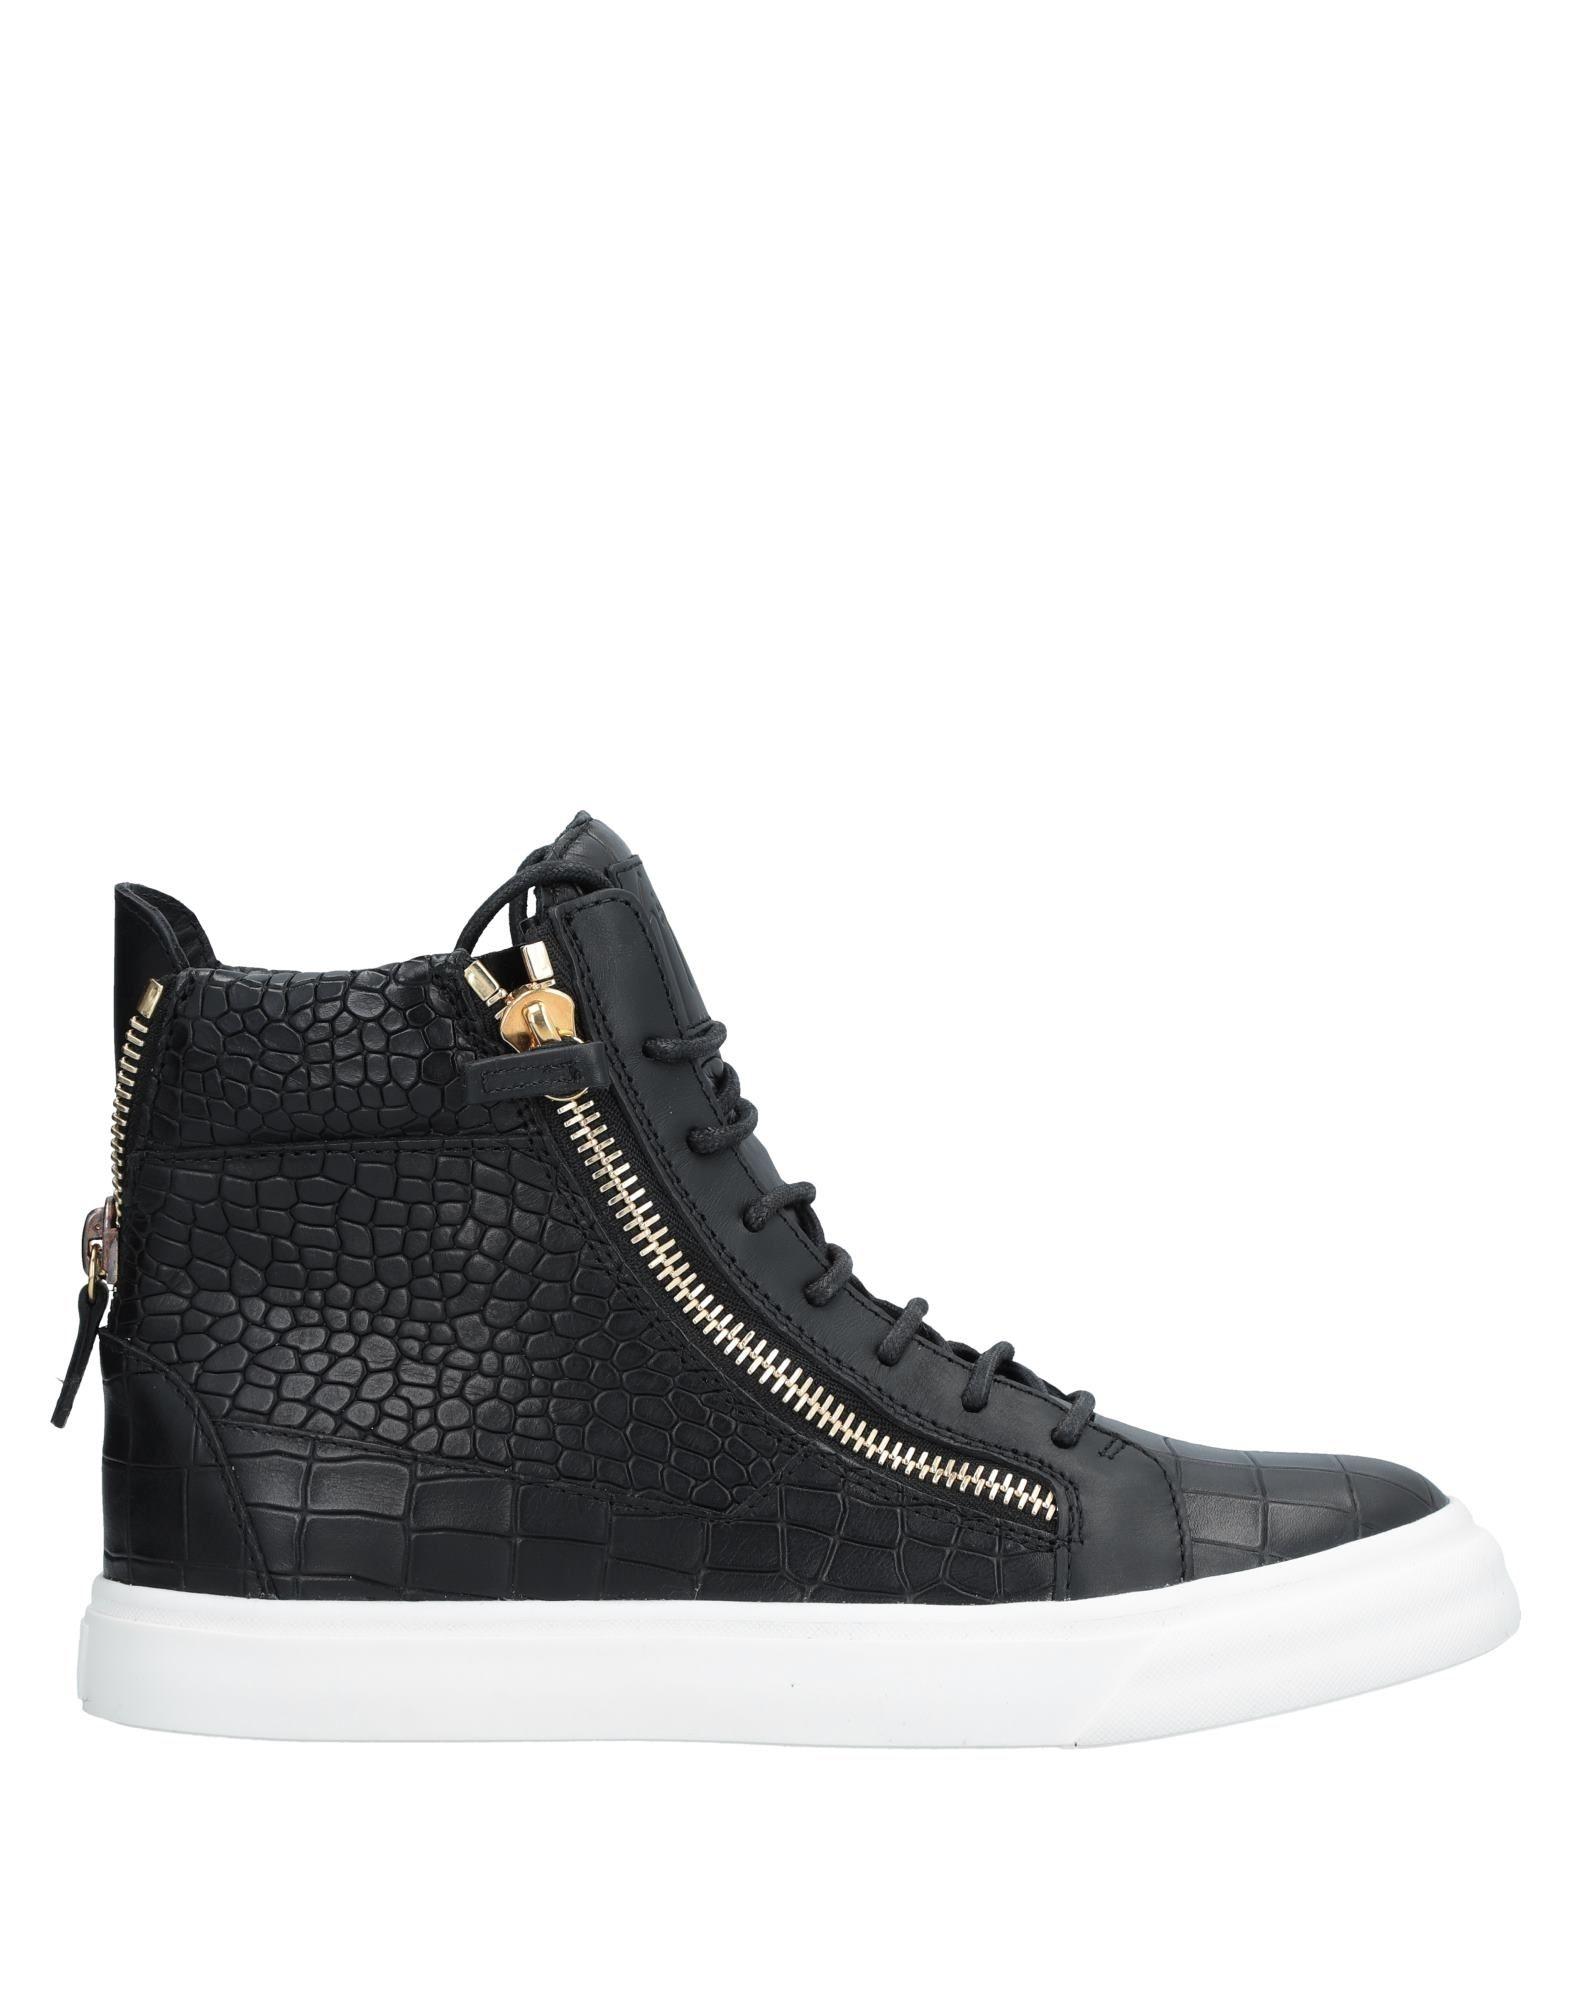 Giuseppe Zanotti Sneakers Sneakers - Women Giuseppe Zanotti Sneakers Sneakers online on  United Kingdom - 11107240VB 7c2f0b
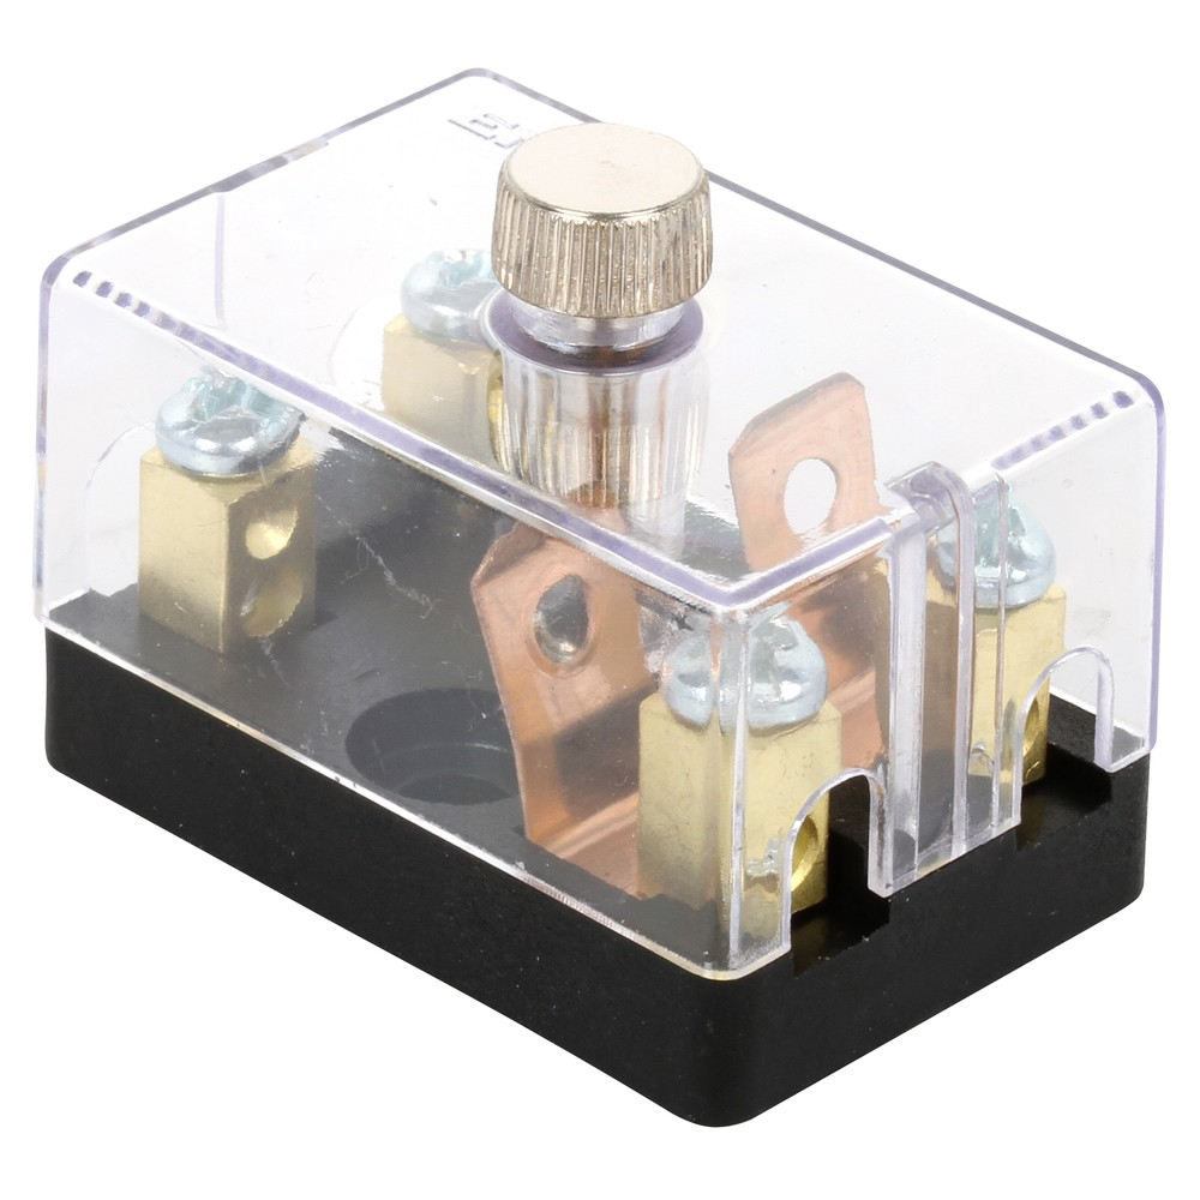 FUSE BOX 2-PART CERA/SCREW (ST100031)
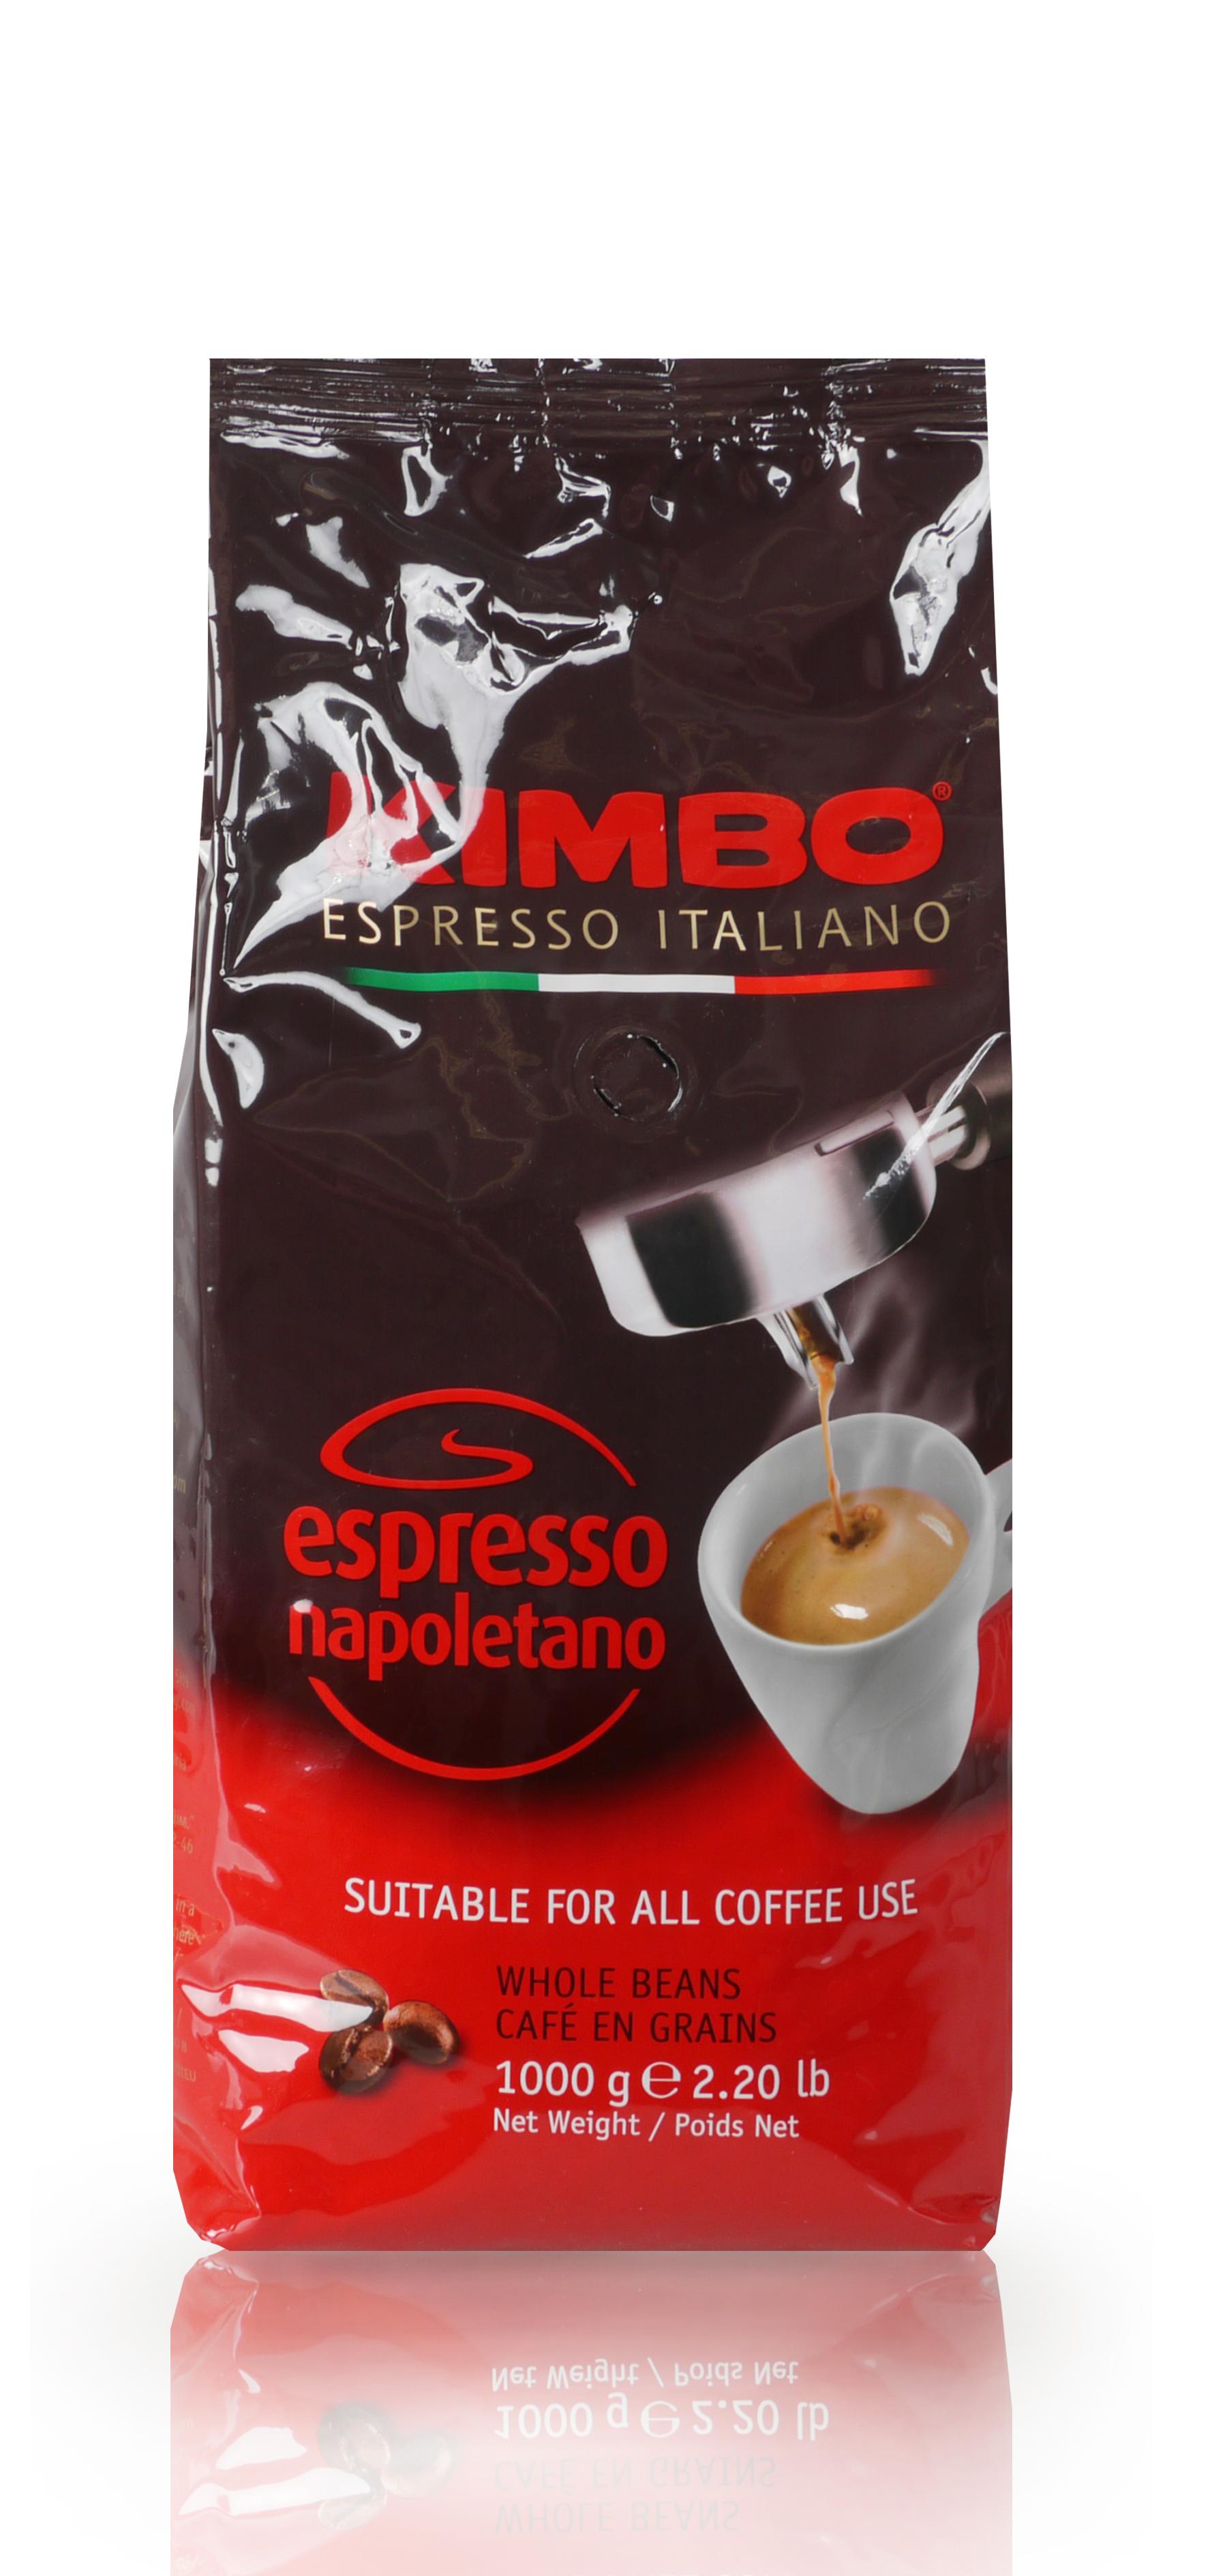 kimbo napoletano 1kg espresso kaffee jetzt g nstig kaufen. Black Bedroom Furniture Sets. Home Design Ideas

- What to work on
What you write should match, word for word, the lines from the one containing "FUSE BOX 2-PART CERA/SCREW (ST100031)" to the end of the listing, with both ends kept and the pictures left out.

- Task response
 FUSE BOX 2-PART CERA/SCREW (ST100031)
 kimbo napoletano 1kg espresso kaffee jetzt g nstig kaufen. Black Bedroom Furniture Sets. Home Design Ideas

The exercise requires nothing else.